= What to do =
Transcribe all of the data verbatim, please, and leave out its pictures.

= Given material =
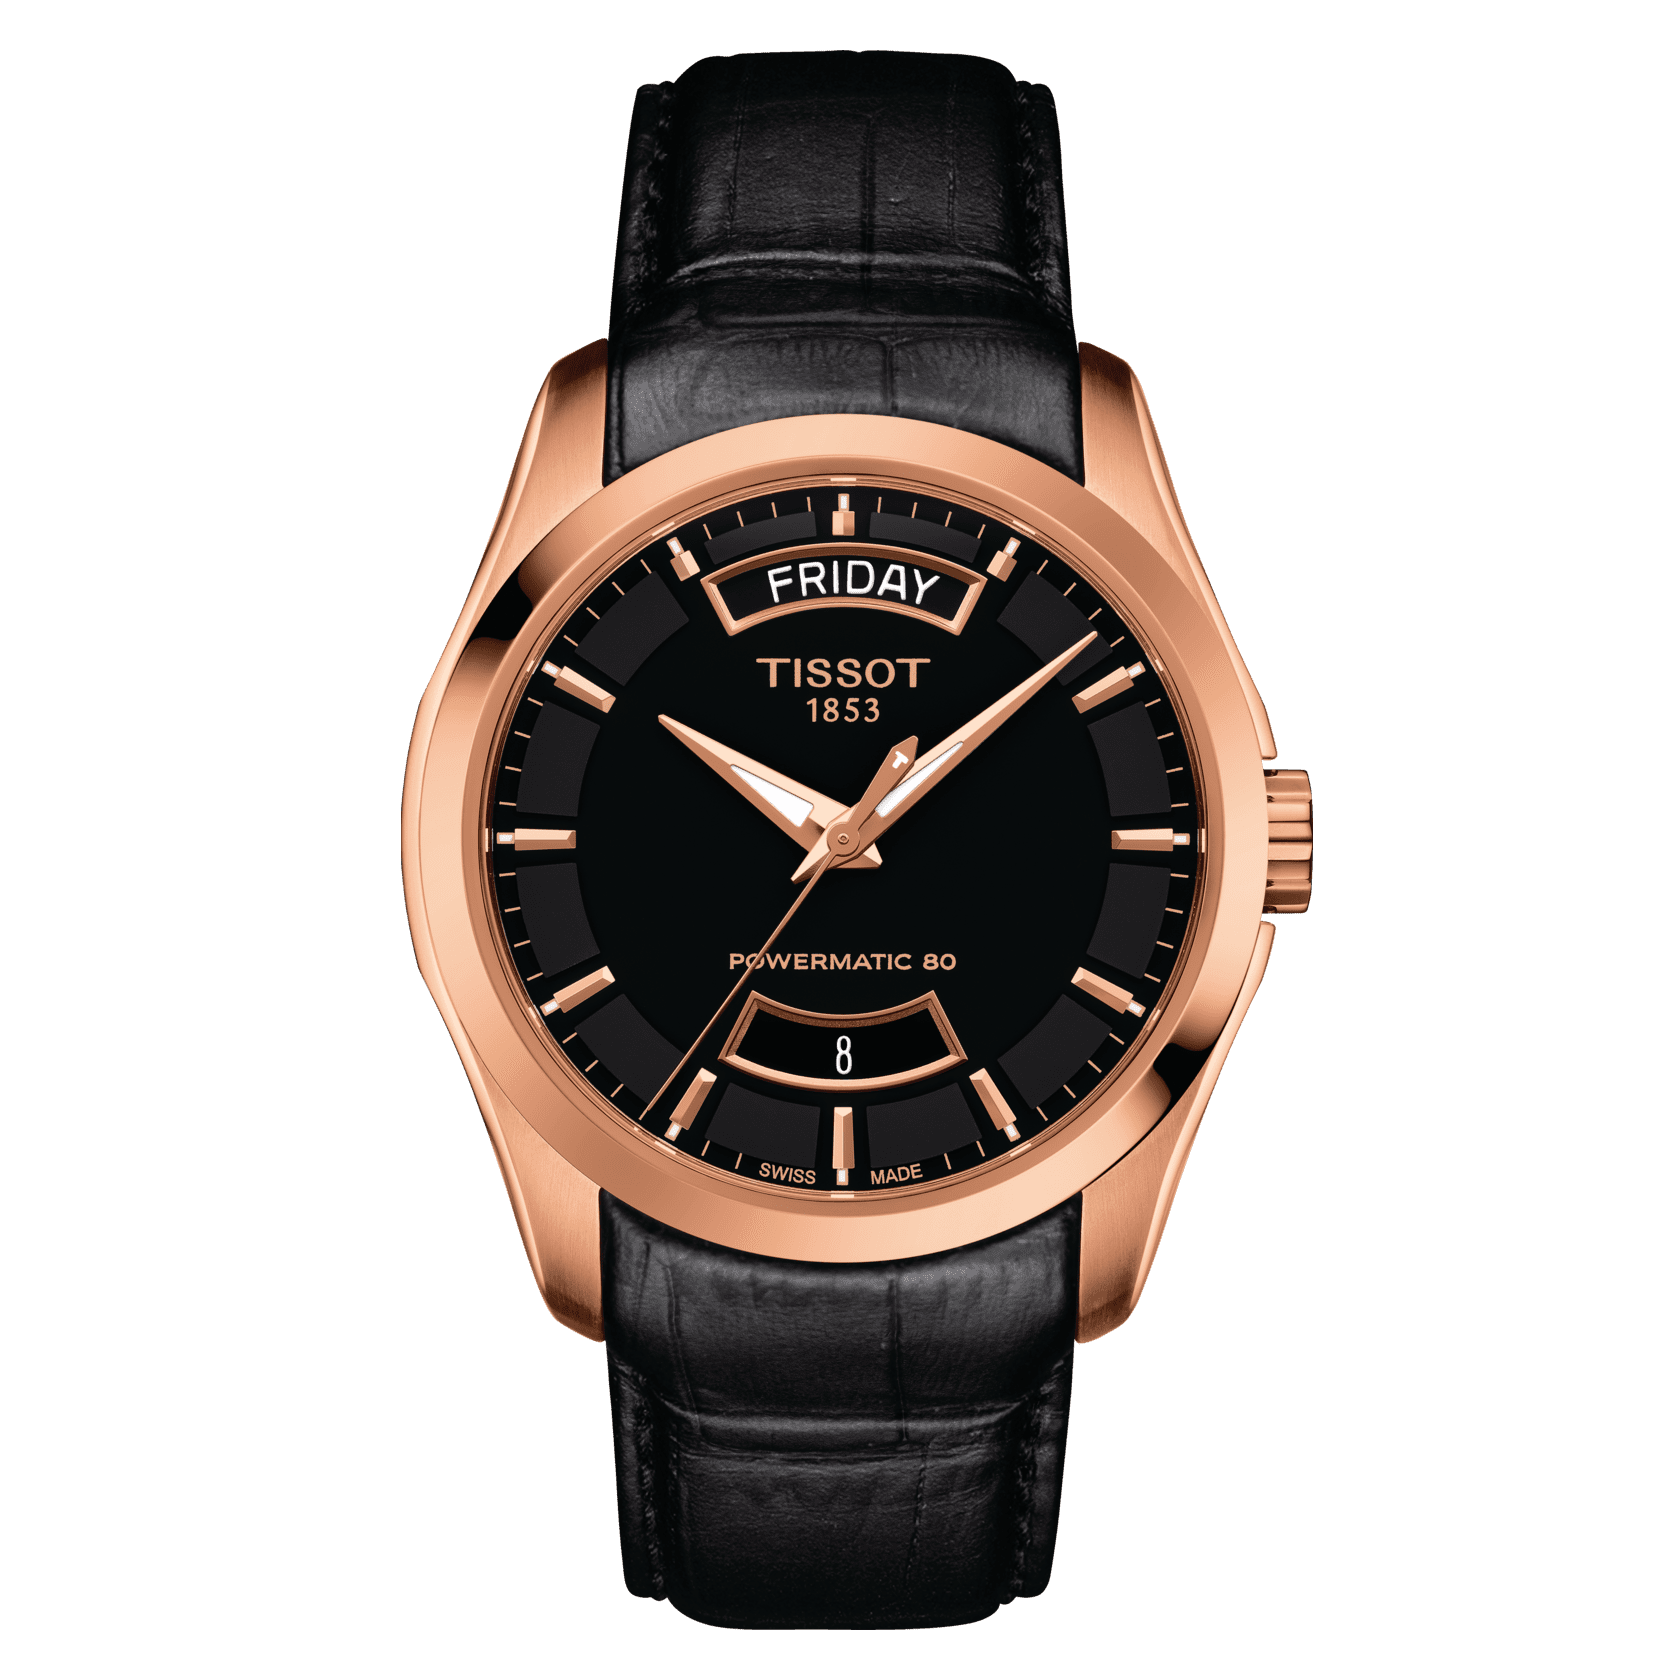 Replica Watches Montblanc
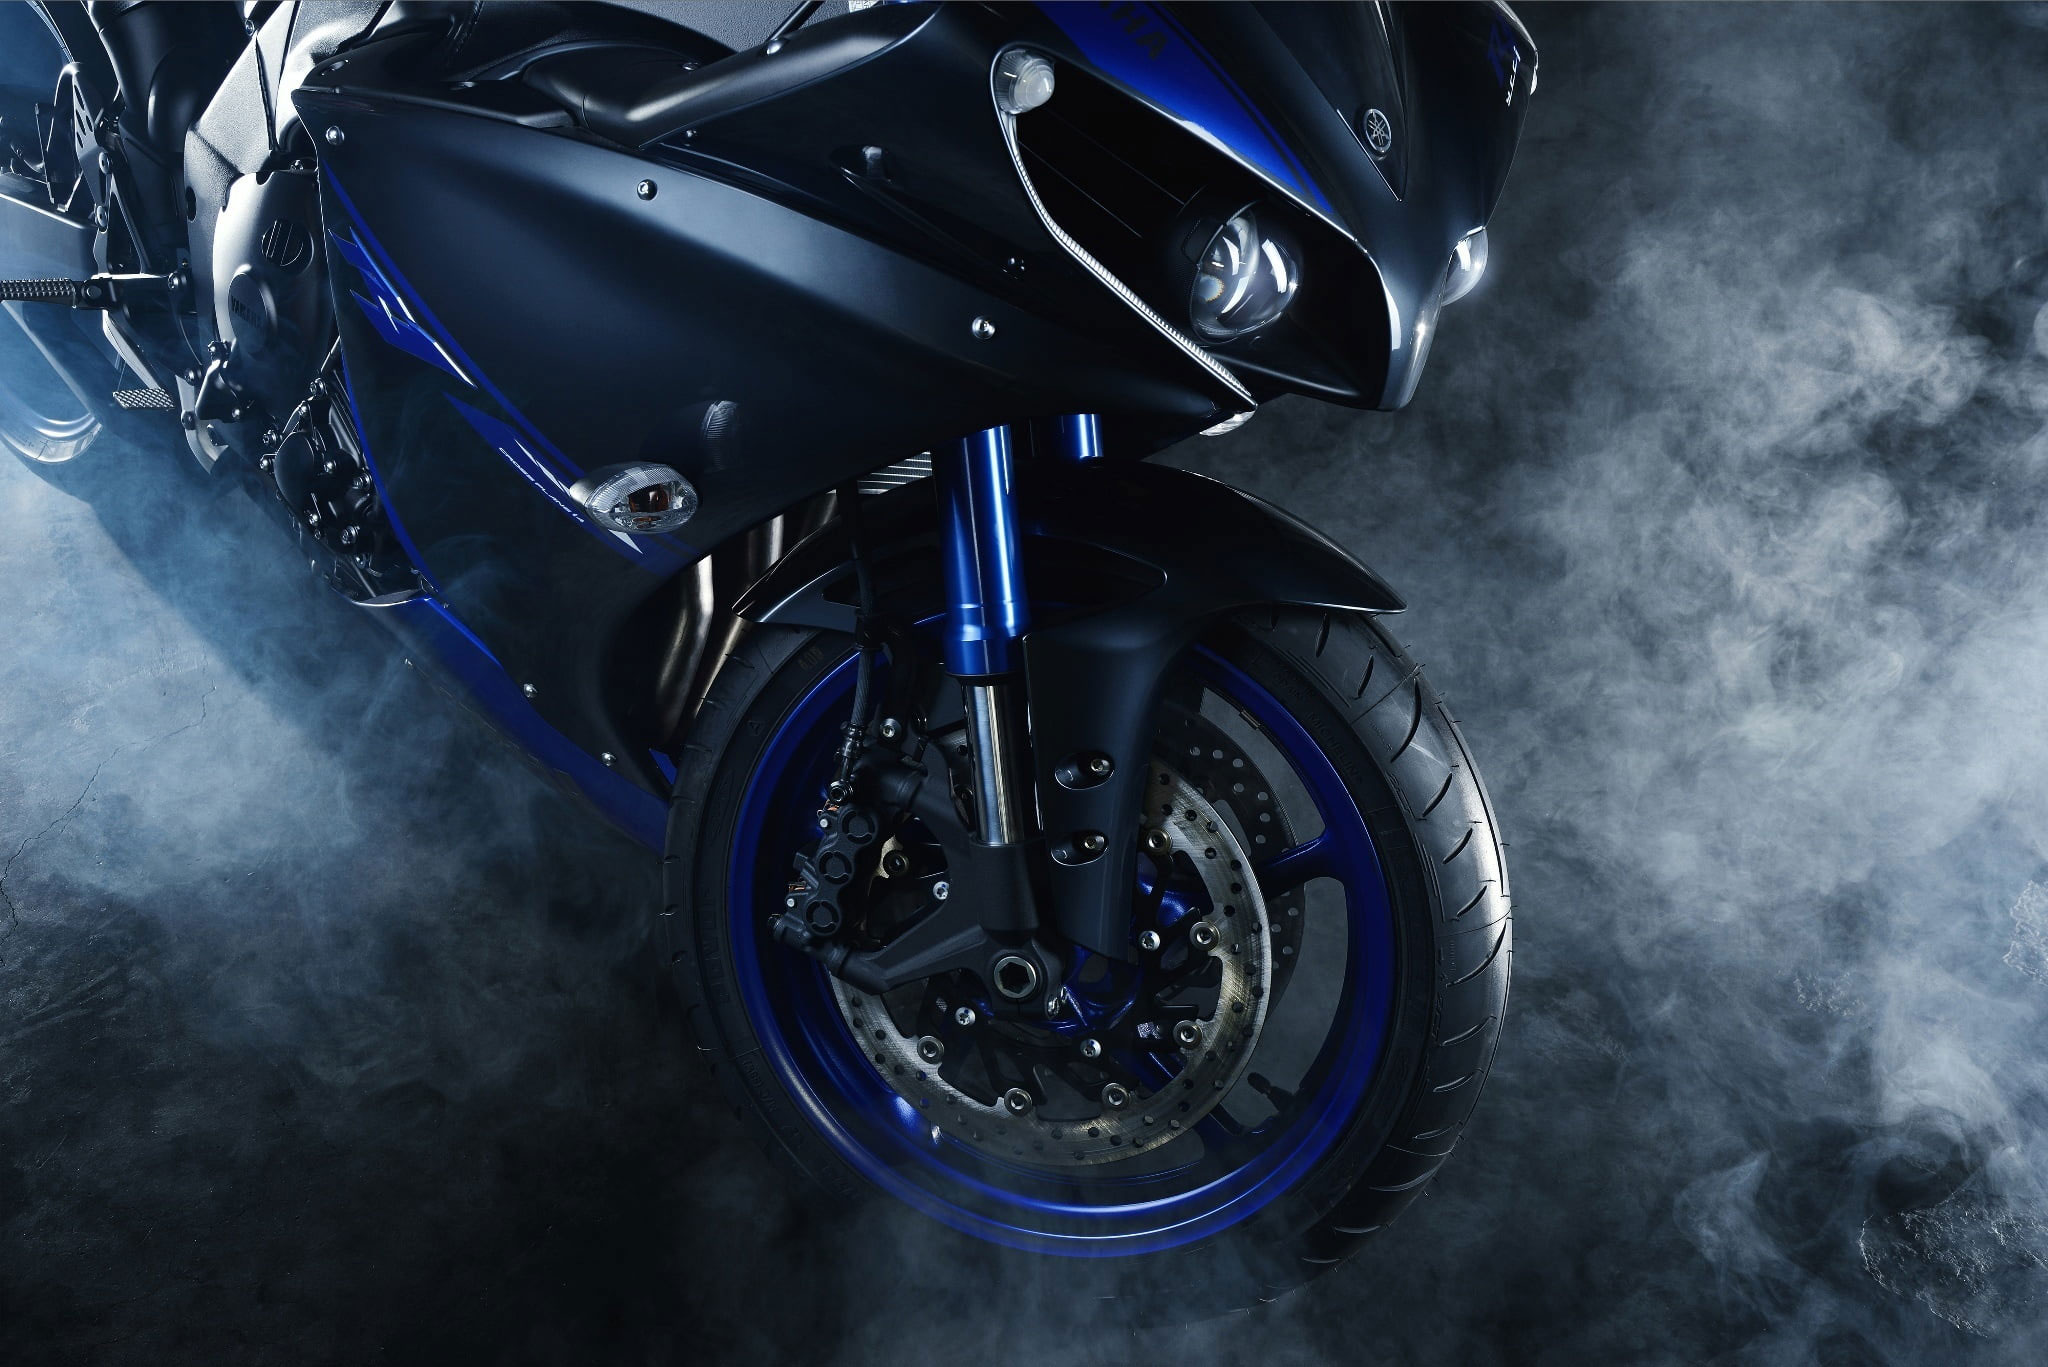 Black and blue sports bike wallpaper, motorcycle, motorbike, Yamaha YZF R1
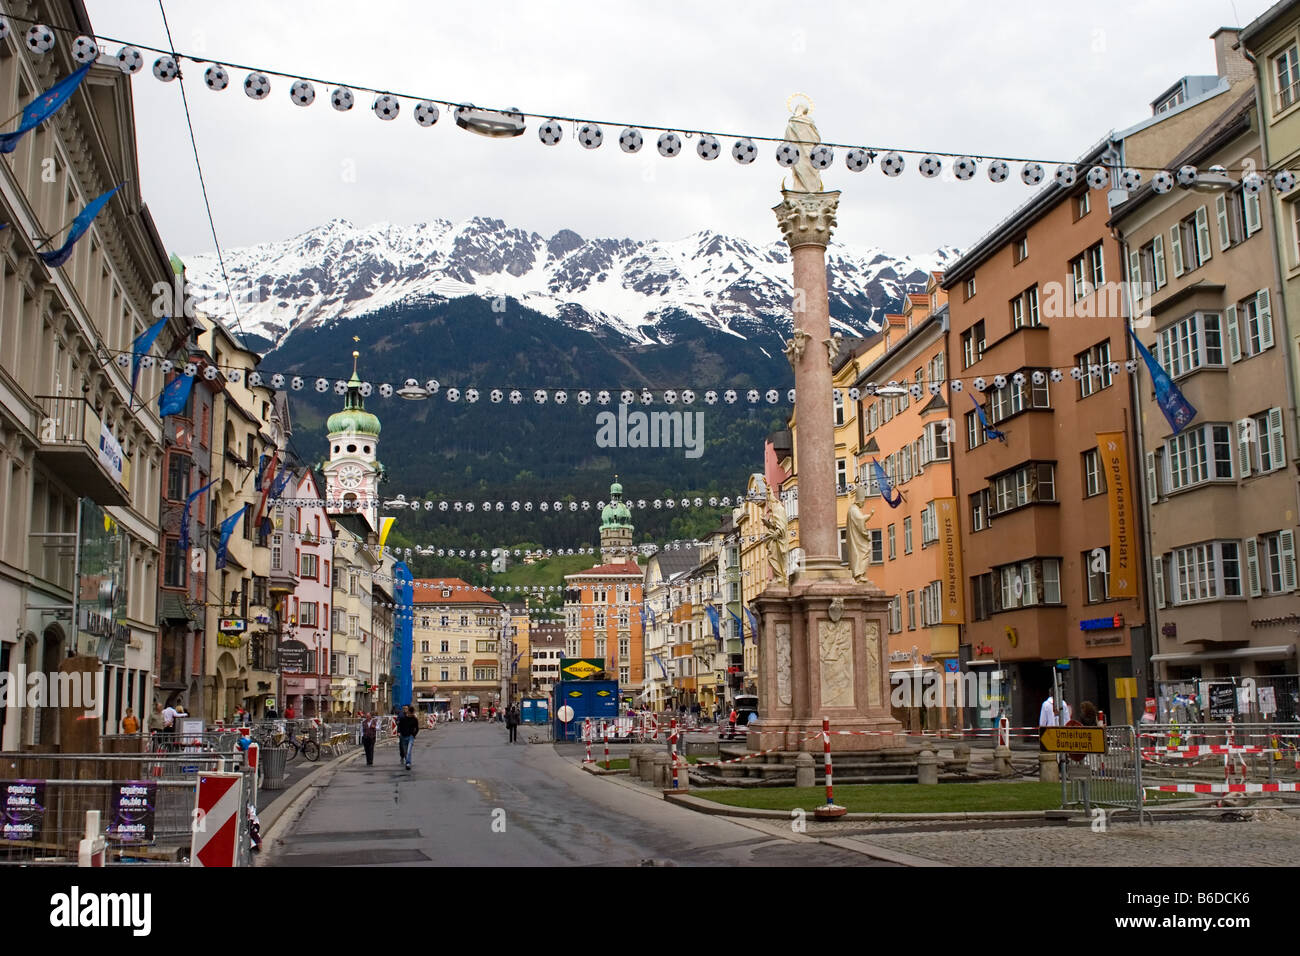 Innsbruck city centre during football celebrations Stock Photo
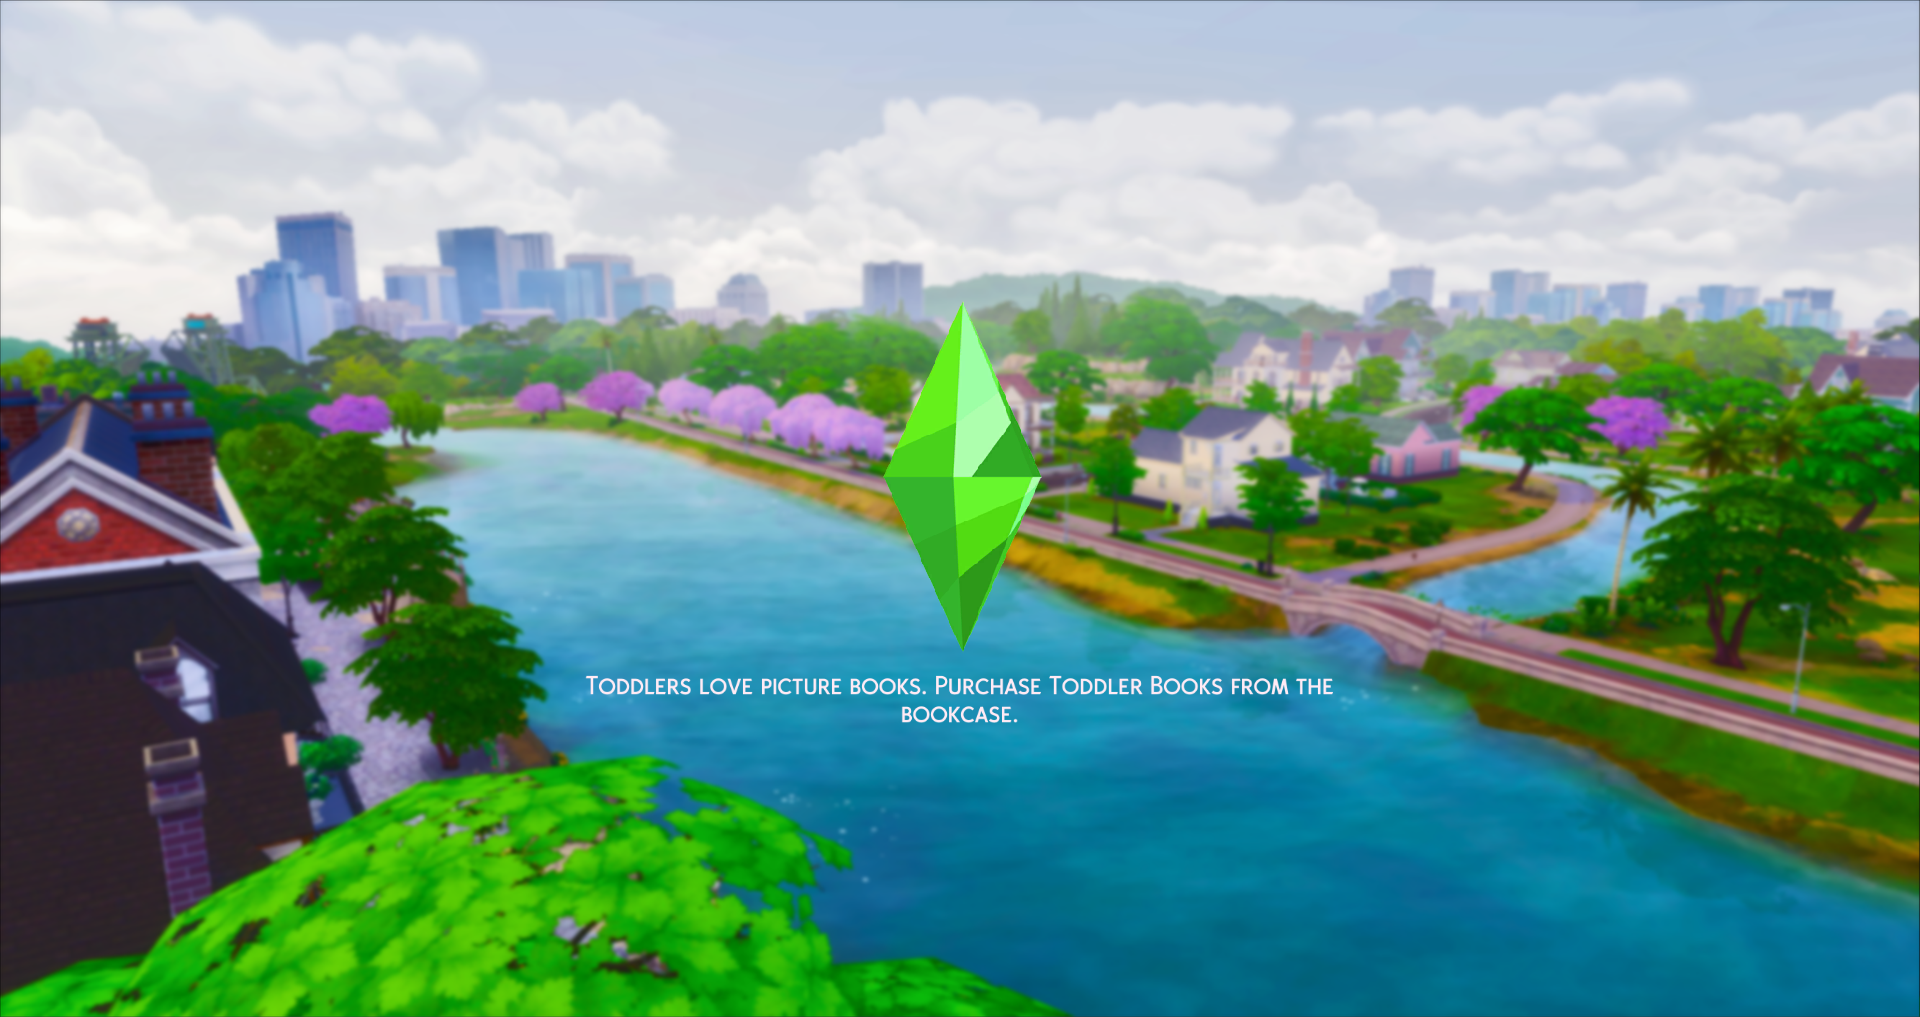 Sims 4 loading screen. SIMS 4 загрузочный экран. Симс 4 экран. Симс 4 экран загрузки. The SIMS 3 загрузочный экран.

= Written solution =
 Replica Watches Montblanc
 Black and blue sports bike wallpaper, motorcycle, motorbike, Yamaha YZF R1
 Innsbruck city centre during football celebrations Stock Photo
 Sims 4 loading screen. SIMS 4 загрузочный экран. Симс 4 экран. Симс 4 экран загрузки. The SIMS 3 загрузочный экран.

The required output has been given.